Biometrics is coming to replace your password; we should all hope that it does more than just replace the password. Biometrics inherently can eliminate many of the problems with passwords and are subject to the same problems. Like passwords, biometrics can be copied, both purposefully and unintentionally.
Great care should be taken in storing biometrics, but we should all recognize that protecting any data from the malicious insider is nearly impossible. The best option is to store biometrics that cannot be used for account access.
IT organizations will spend a bundle replacing obsolete password technology in favor of more secure authentication methods. Password technology is fundamentally flawed in that a password can be copied and therefore stolen and shared. Because of the replay flaw, passwords don’t identify the user. The same flaw can be said of many other technologies including tokens, smartcards and even biometrics. Without a method of determining if authentication data is genuine, biometrics and other technologies are no more secure than a password.
The Most Innovative and Thorough Technology For Verifying and Identifying A Computer User, Authenticates the Authentication Data.
Biometrics identifies unique characteristics of a person. Determining if a biometrics sample is live at the moment of login is key to securely implementing biometrics. Many static biometrics such as fingerprint, iris scans and other image based biometrics can uniquely identify a person as long as the sample can itself be authenticated to be genuine. Unfortunately, attended operation of scanners is not practical. Let’s face it, fingerprint and iris scanners are also too expensive to consider on a large scale.

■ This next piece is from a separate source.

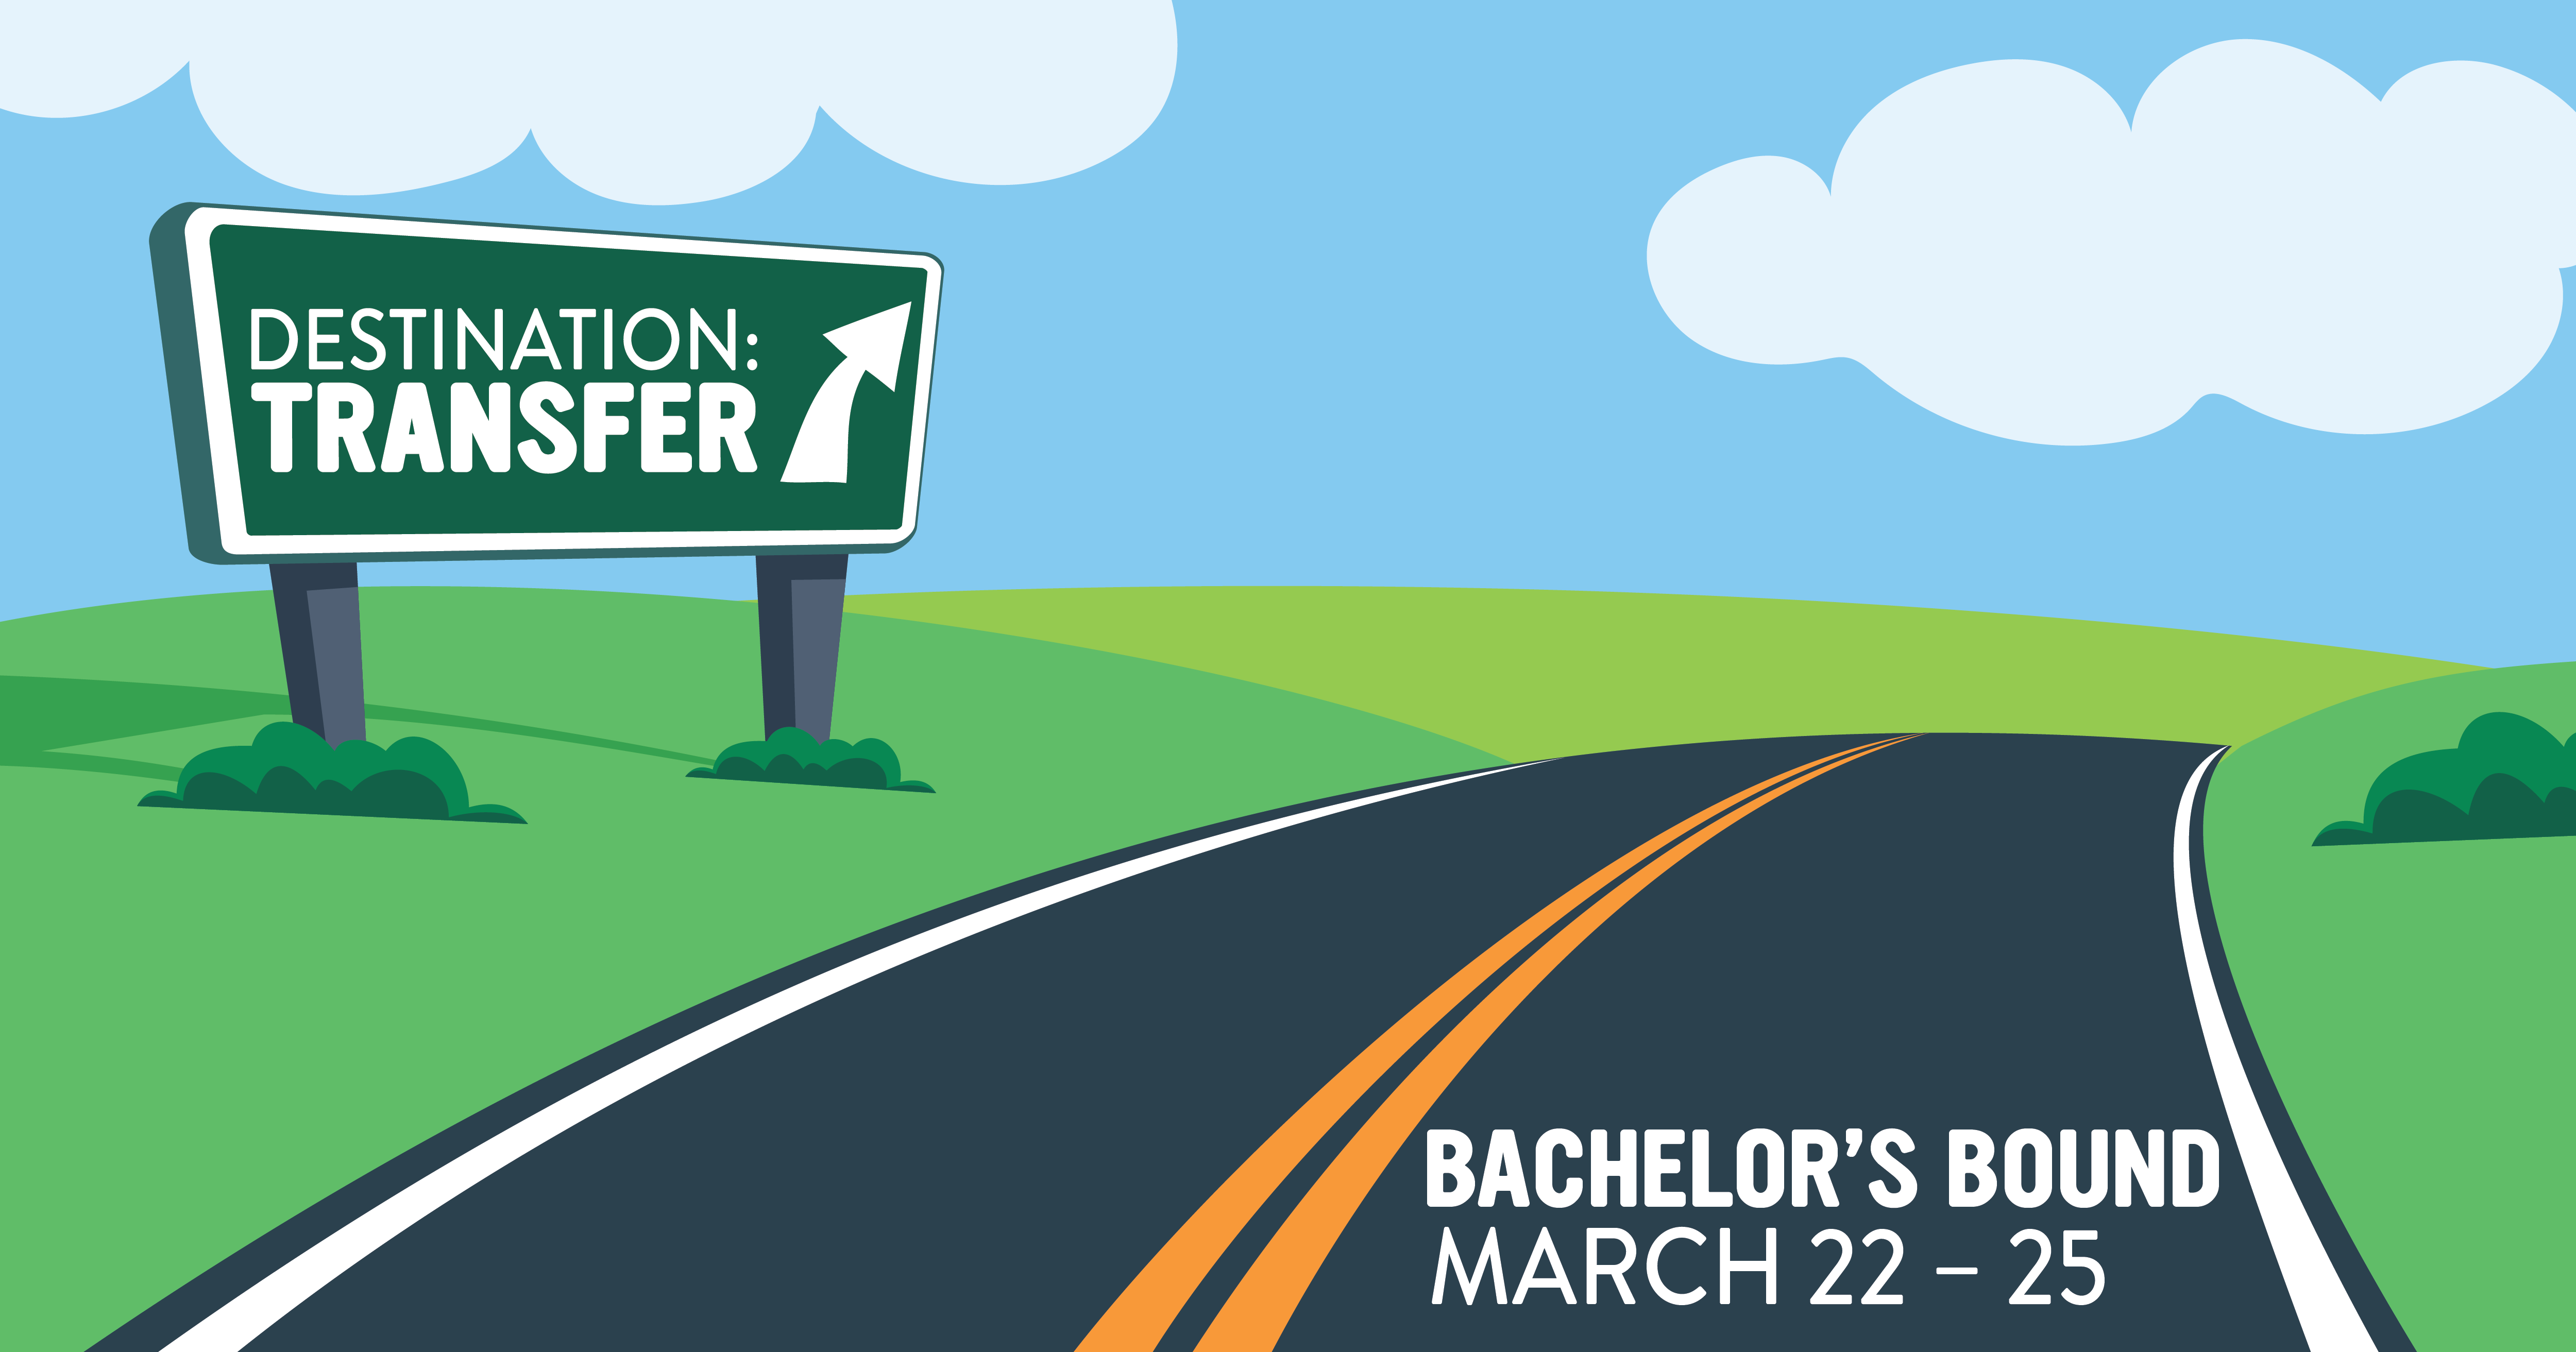 Destination: Transfer on road sign, Bachelor's Bound March 22-25 on road

Other biometrics technology including face and voice recognition can be captured using inexpensive and widely deployed webcams and microphones. Like the aforementioned scanning technologies malicious insiders and other criminals can obtain copies of pictures and voice recordings leaving security engineers with the problem of authenticating the authentication data.

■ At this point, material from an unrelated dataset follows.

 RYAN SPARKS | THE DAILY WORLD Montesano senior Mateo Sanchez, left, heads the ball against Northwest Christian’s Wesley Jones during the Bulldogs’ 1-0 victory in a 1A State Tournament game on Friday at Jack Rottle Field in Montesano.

Any ol’ sample of someone’s voice may be ok to access you recipes online, but for big money transfers, probably not. Determining that a voice sample was spoken for the sole purpose of the current authentication must be at the heart of your authentication technology. Of course, that goes for all modalities, not just voice.
Independent of the problem of determining if biometrics samples are genuine, there is the problem of convenience. Users find it easy to submit samples in the quiet of their well-lit office. In the real world, the roar of jet engines and the dark of the Porsche-office can pose significant challenges for users.
An approach including numerous modalities can mitigate many of these challenges in combination with algorithms that payoff with one of the modalities passing. Implementing “OR” logic can significantly increase the frequency of successful positive identification in the real world as opposed to strict fusion scores. For instance, allowing genuine voice identification or genuine face recognition will allow users to be identified in poorly lit or noisy venues.
Perhaps equally important is the notion of using multiple biometrics engines to run against the same sample. Each vendor offers different advantages. For instance, some voice recognition vendors have better noise suppression while others have focused on removing electronic signatures from samples. Depending on the user’s noisy environment or microphone, different signal processing gives the user a better experience.
Adding face recognition to mix can provide a useful alternative to voice recognition when a good audio sample is difficult to obtain. Facial recognition from a genuine sample is also a significant deterrent to the malicious insider. Having your picture on six o’clock new is not usually a goal of the criminally minded.
Of course, the key to successful user identification must start with genuine samples and not replays. When deciding on any security system, one must consider the possible actions of the malicious insider. We should assume that insiders can gain access to samples. If those samples can be replayed to gain access to accounts, then the system is not secure. We should also assume malicious insider will give self-samples to coconspirators leaving the system with no way to identify perpetrators. Anonymity continues to invite the criminals to the crime scene.